In any case this passage from being to knowledge, from things to relations further implies two things, first that aesthetics was replaced by spectacle, we could also say contemplation was swopped for admiration (not rarely monetary), and second that something laid out was exchanged for layout, or one thing after the other was replaced by coherence, or even worse dramaturgy.

Isn’t it embarrassing to hear visual artist claim their work to be time based. Really, and btw are you proud of it, dumbass. To define your art as time based is to pronounce that it has no value in itself but is the sum of its relations and on top to that spectacle. It’s not brave to announce one’s work as performative or time based, it’s to chicken out and escape both the possible consequences of announcing something actual – relational has no grounding but are always negotiatied -, something undeniable, but it is also to give up on the possibility of aesthetic experience as something relational simply cannot be contemplated (in the first place) and certainly not, which since Kant has been imperative – contemplated without interest.

Zooming out a little it’s easy to detect how this shift correlates with the shift form discipline- to control-society. Which is neither good or bad but as the name proposes control-society will by all means destroy any attempt to aesthetic appreciation or experience as these are phenomena that require a moment of sliding at least through if not out of control. Discipline is laid out whereas control always has layout. Something that has layout is relational and hierarchical, whereas discipline consist of strong entities that not necessarily are connected or in any way comprehensive at all. As semiotics would have it, discipline has strong entities and weak relations whereas control has weak entities and strong relations.

Dramaturgy is more or less a matter of managing intensity over time, it is a matter of controlling some kind of dynamic and making it efficient. One could say that dramaturgy is like a guide that through a play with dynamics, speed, placement etc. manage attention. Good dramaturgy is good in manipulating the viewers attention, and we know that this is again a matter of investment and affordance. Another way of announcing this would be to say, and this is a bit low res, that dramaturgy is controls soft versions of totalitarianism. It’s just a totalitarianism that you can’t really feel and more over that you can’t revolt against.

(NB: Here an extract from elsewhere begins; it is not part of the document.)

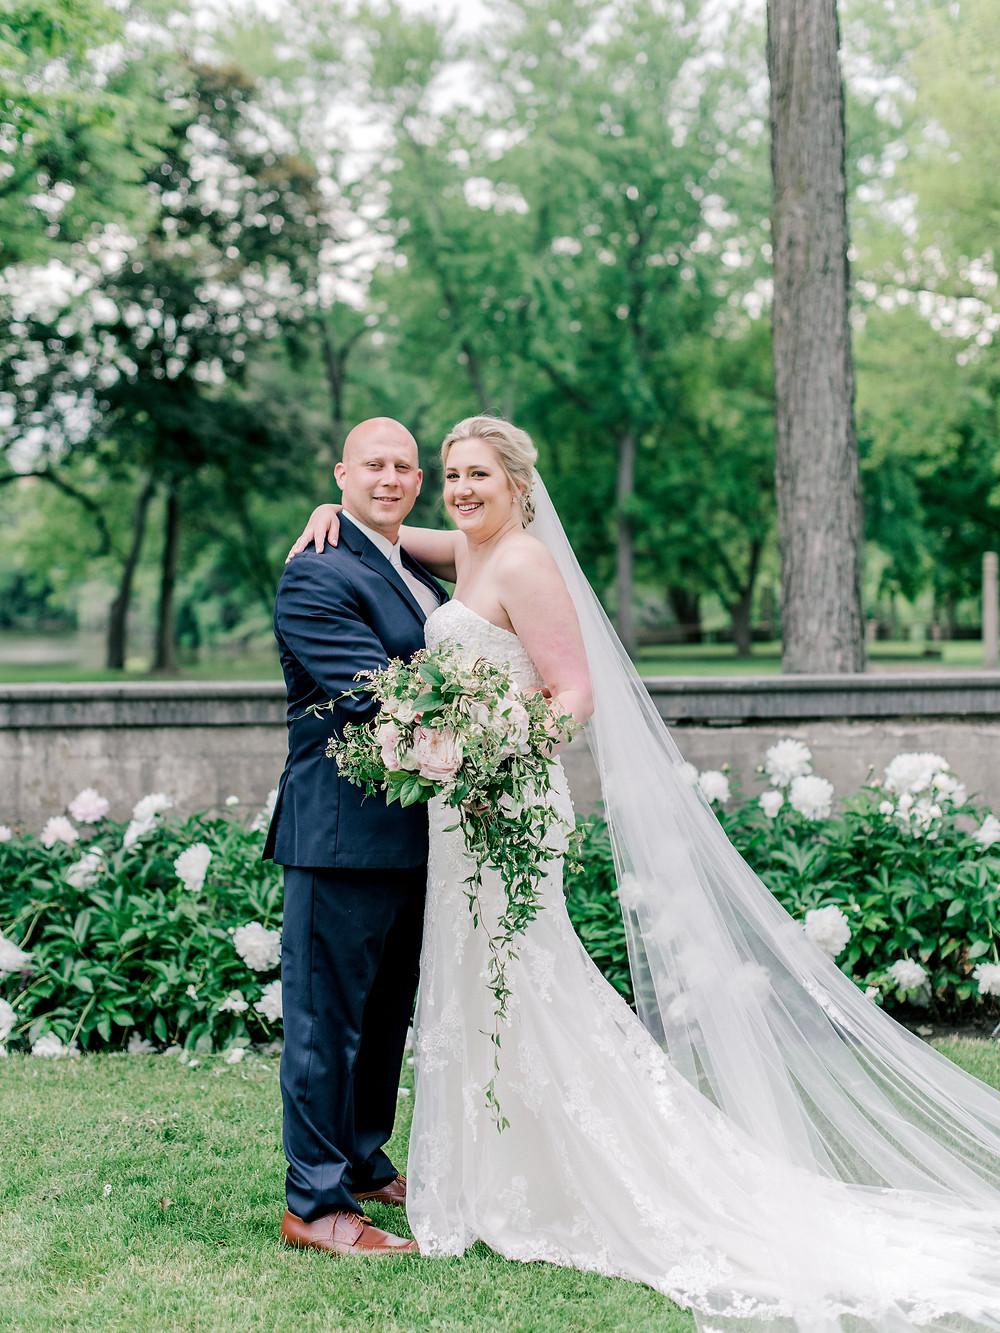 Bride and Groom seated on vintage blue settee

Sometimes it is proposed that theatre is totalitarian and exhibitions spaces where people can wonder freely around is not, which is to say they are liberal. Ouch. It’s nice to think about how one converse and look at art, spend time in front of something and make one’s own choices. Bullshit of course but at least it’s the illusion of personal choice.

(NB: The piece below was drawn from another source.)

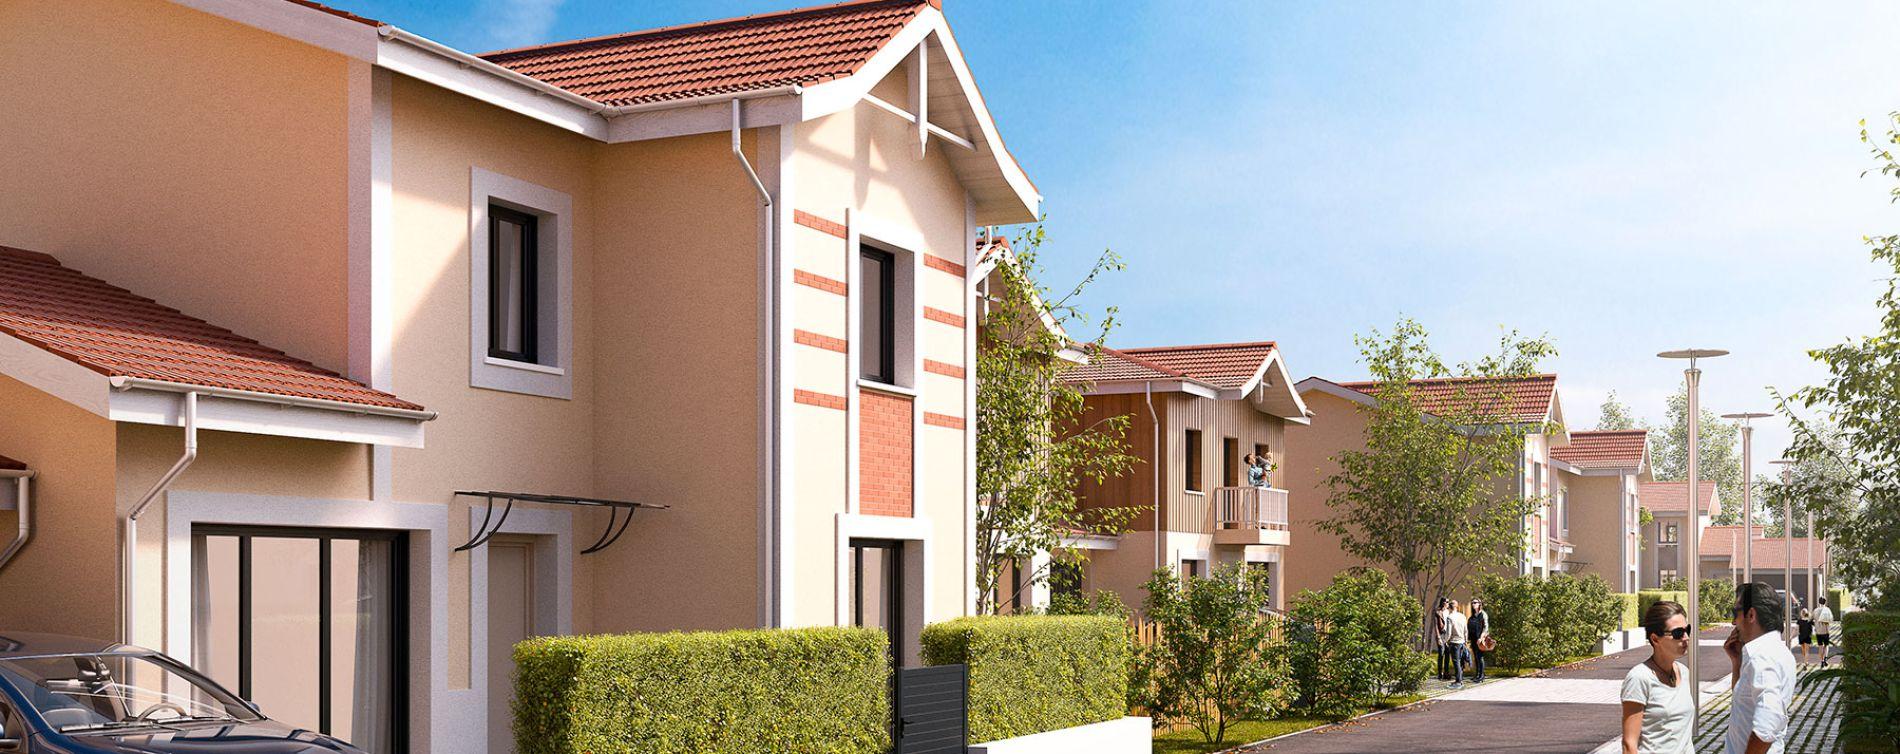 Résidence Villas Osmonde à Andernos-les-Bains

But when visual art starts to talk about dramaturgy and conceive of exhibitions in respect of dramaturgy – at least considering a slightly more elaborate idea about dramaturgy. Because what dramaturgy does is indeed to confiscate the openness and chanceness that the museum room carries, carries in so matter that encounters and ways of navigating is minimally monitored and controlled.

And to us museum visitors please let’s not ask for relations, correlations or guidance. Instead let’s be brave enough to submit to a discipline of things and object between which it is up to us to create relations or not, because we can also just lean back and let time pass, unmanaged.